While still busy on the New Testament Luther set to work on the Old, this time with the regular and expert assistance of Melanchthon and Matthæus Aurogallus, the Wittenberg Professor of Hebrew. Owing to the difficulty of the work and the constant hindrances encountered by the author, the work did not appear all at once, but only piecemeal. As early as 1523 the Books of the Pentateuch were published at Augsburg and Basle in two successive editions, four times reprinted in the same year. The historical books from Josue to Esther followed in 1524. The remainder, comprehensively described as the “Prophets,” followed in separate parts, Job, the Psalms and the “Books of Solomon” in 1524, and the Prophets, properly so-called, only at longer intervals.[1949]
The difficulties of the work and the unwearied pains taken by the compiler are frequently apparent in Luther’s letters to his friends.
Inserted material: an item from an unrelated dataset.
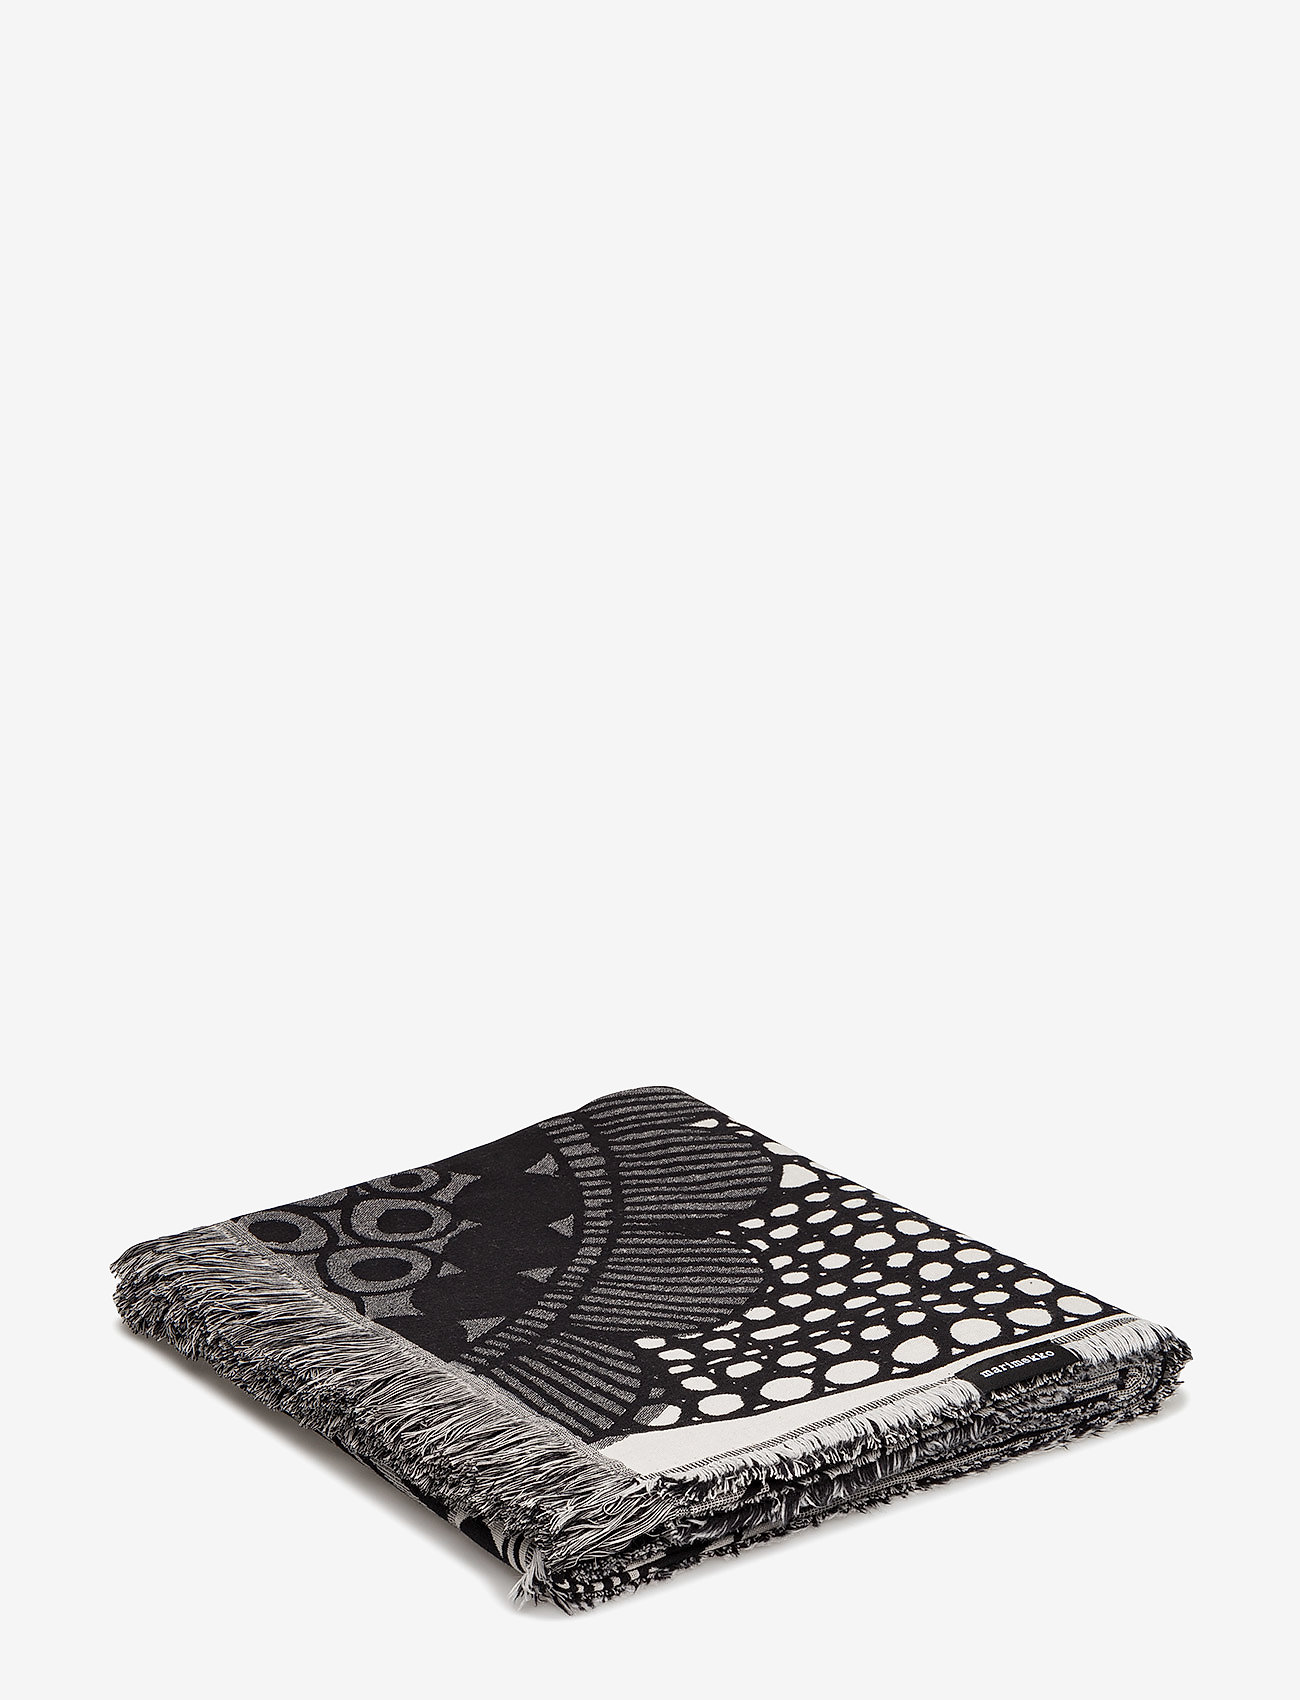 Marimekko Home - SIIRTOLAPUUTARHA BLANKET - blankets & throws - ecru, black - 0

He writes, for instance, to Spalatin: “Job gives us much trouble owing to the exceptional grandeur of his style; he seems as reluctant to submit to our translation as to the consolations of his friends; he refuses to march and wants to remain for ever seated on his dunghill; it almost seems as though the writer of the book had wished to make a translation impossible. For this reason the printing of the third part of the Bible [i.e. of the Old Testament] proceeds but slowly.”[1950]—Later, in the preface to the Book of Job, he said: “In our work on ‘Hiob,’ we, Master Philip, Aurogallus and I, were sometimes barely able to get through three lines in four days. But now, my friend, that it is translated into German everyone can read it and master it and run his eyes over three or four pages without meeting a single obstacle, nor does he perceive what hindrances and stumbling-blocks lay in the path he now glides along as easily as down a greasy pole; to us, however, it cost much toil and sweat to remove all the hindrances and stumbling-blocks.”[1951]